A technology stack is a set of frameworks and tools used to develop a software product. This set of frameworks and tools are very specifically chosen to work together in creating a well-functioning software. They are acronymns for individual technologies used together for a specific technology productsome examples are…

  • LAMP (Linux, Apache, MySQL, PHP or Python, or Perl)
  • LEMP (Linux, Nginx, MySQL, PHP or Python, or Perl)
  • MERN (MongoDB, ExpressJS, ReactJS, NodeJS)
  • MEAN (MongoDB, ExpressJS, AngularJS, NodeJS

The focus of this article is on lamp stack implementation on an AWS EC2 instance.

LAMP stands for Linux, Apache, MySQL, and PHP. Together, they provide a proven set of software for delivering high-performance web applications. Each component contributes essential capabilities to the stack:

Linux: The operating system. It is a free and open source operating system (OS) that has been around since the mid-1990s. Linux is popular in part because it offers more flexibility and configuration options than some other operating systems.

Apache: The web server. The Apache web server processes requests and serves up web assets via HTTP so that the application is accessible to anyone in the public domain over a simple web URL. It is developed and maintained by an open community, Apache is a mature, feature-rich server that runs a large share of the websites currently on the internet.
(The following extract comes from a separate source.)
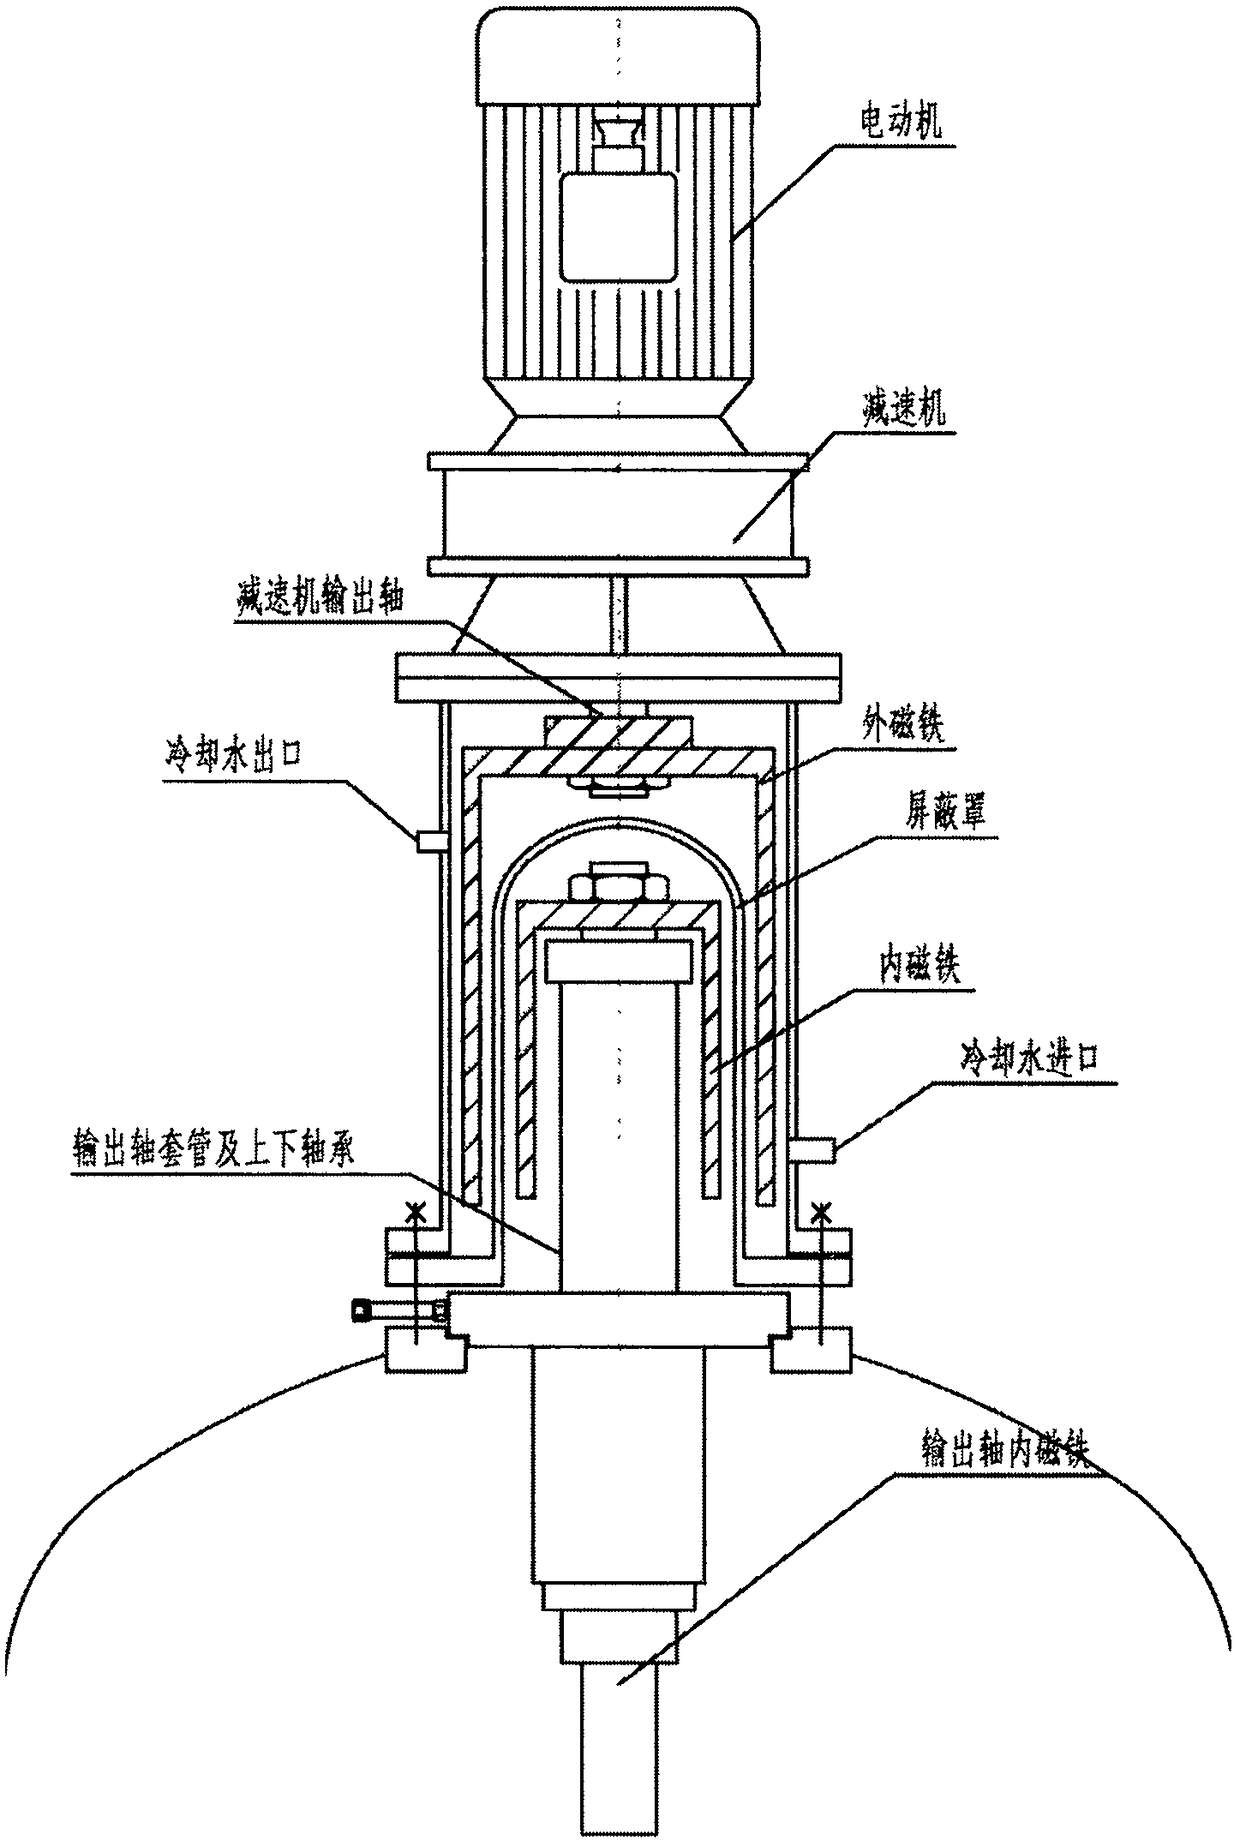 Power output equipment, hydraulic stirrer, high-pressure reaction kettle including power output equipment and hydraulic stirrer, and system
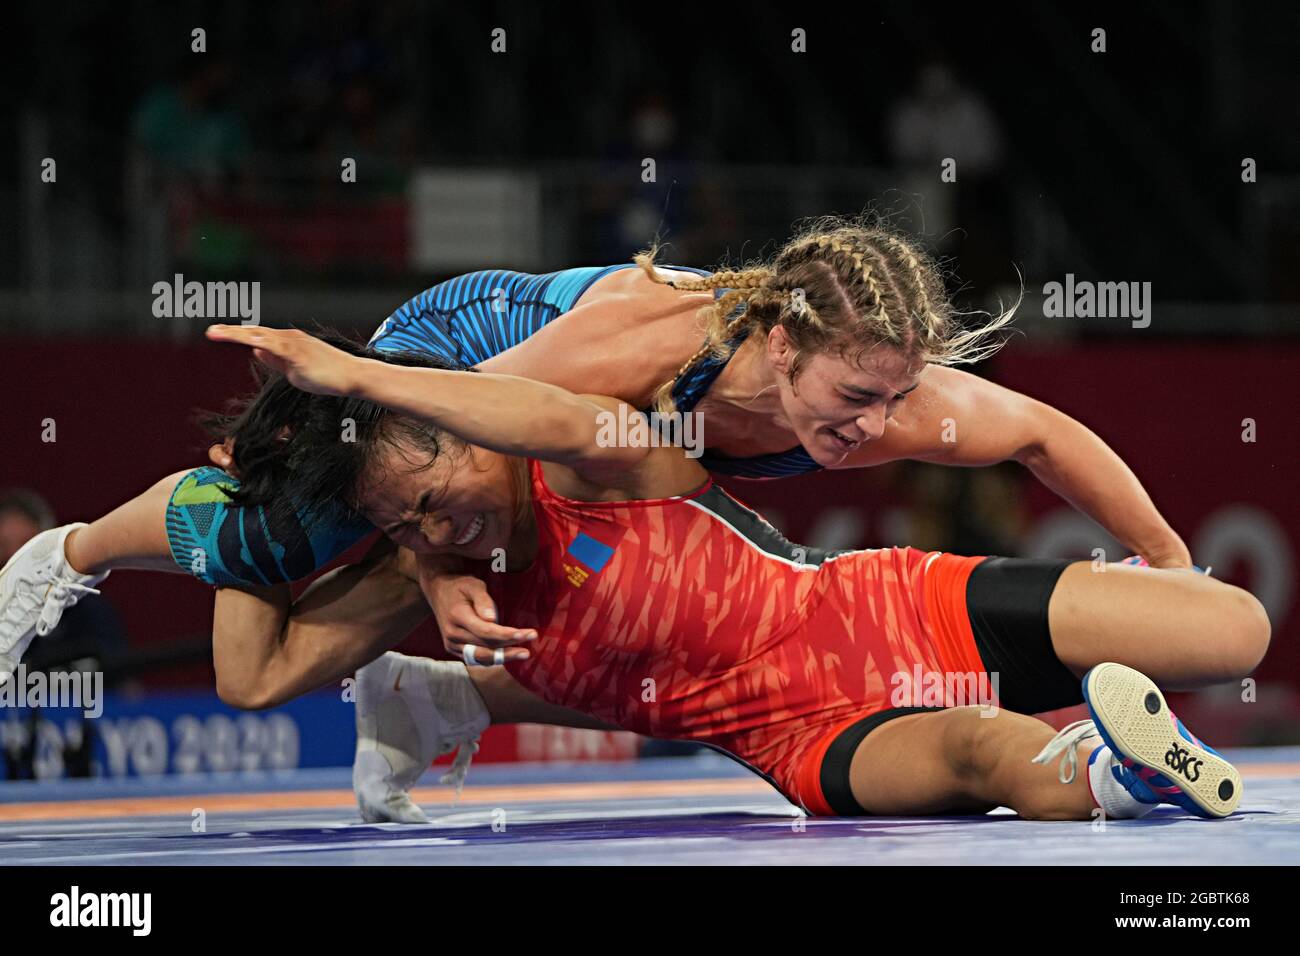 Chiba Japan 5th Aug 2021 Helen Louise Maroulis Up Of The United States Combats With

MySQL: The database. MySQL is an open source relational database management system for storing application data. With My SQL, you can store all your information in a format that is easily queried with the SQL language. SQL is a great choice if you are dealing with a business domain that is well structured, and you want to translate that structure into the backend.

PHP: The programming language. The PHP open source scripting language works with Apache to help you create dynamic web pages. You cannot use HTML to perform dynamic processes such as pulling data out of a database. If you prefer, you can swap out PHP in favor of Perl or the increasingly popular Python language.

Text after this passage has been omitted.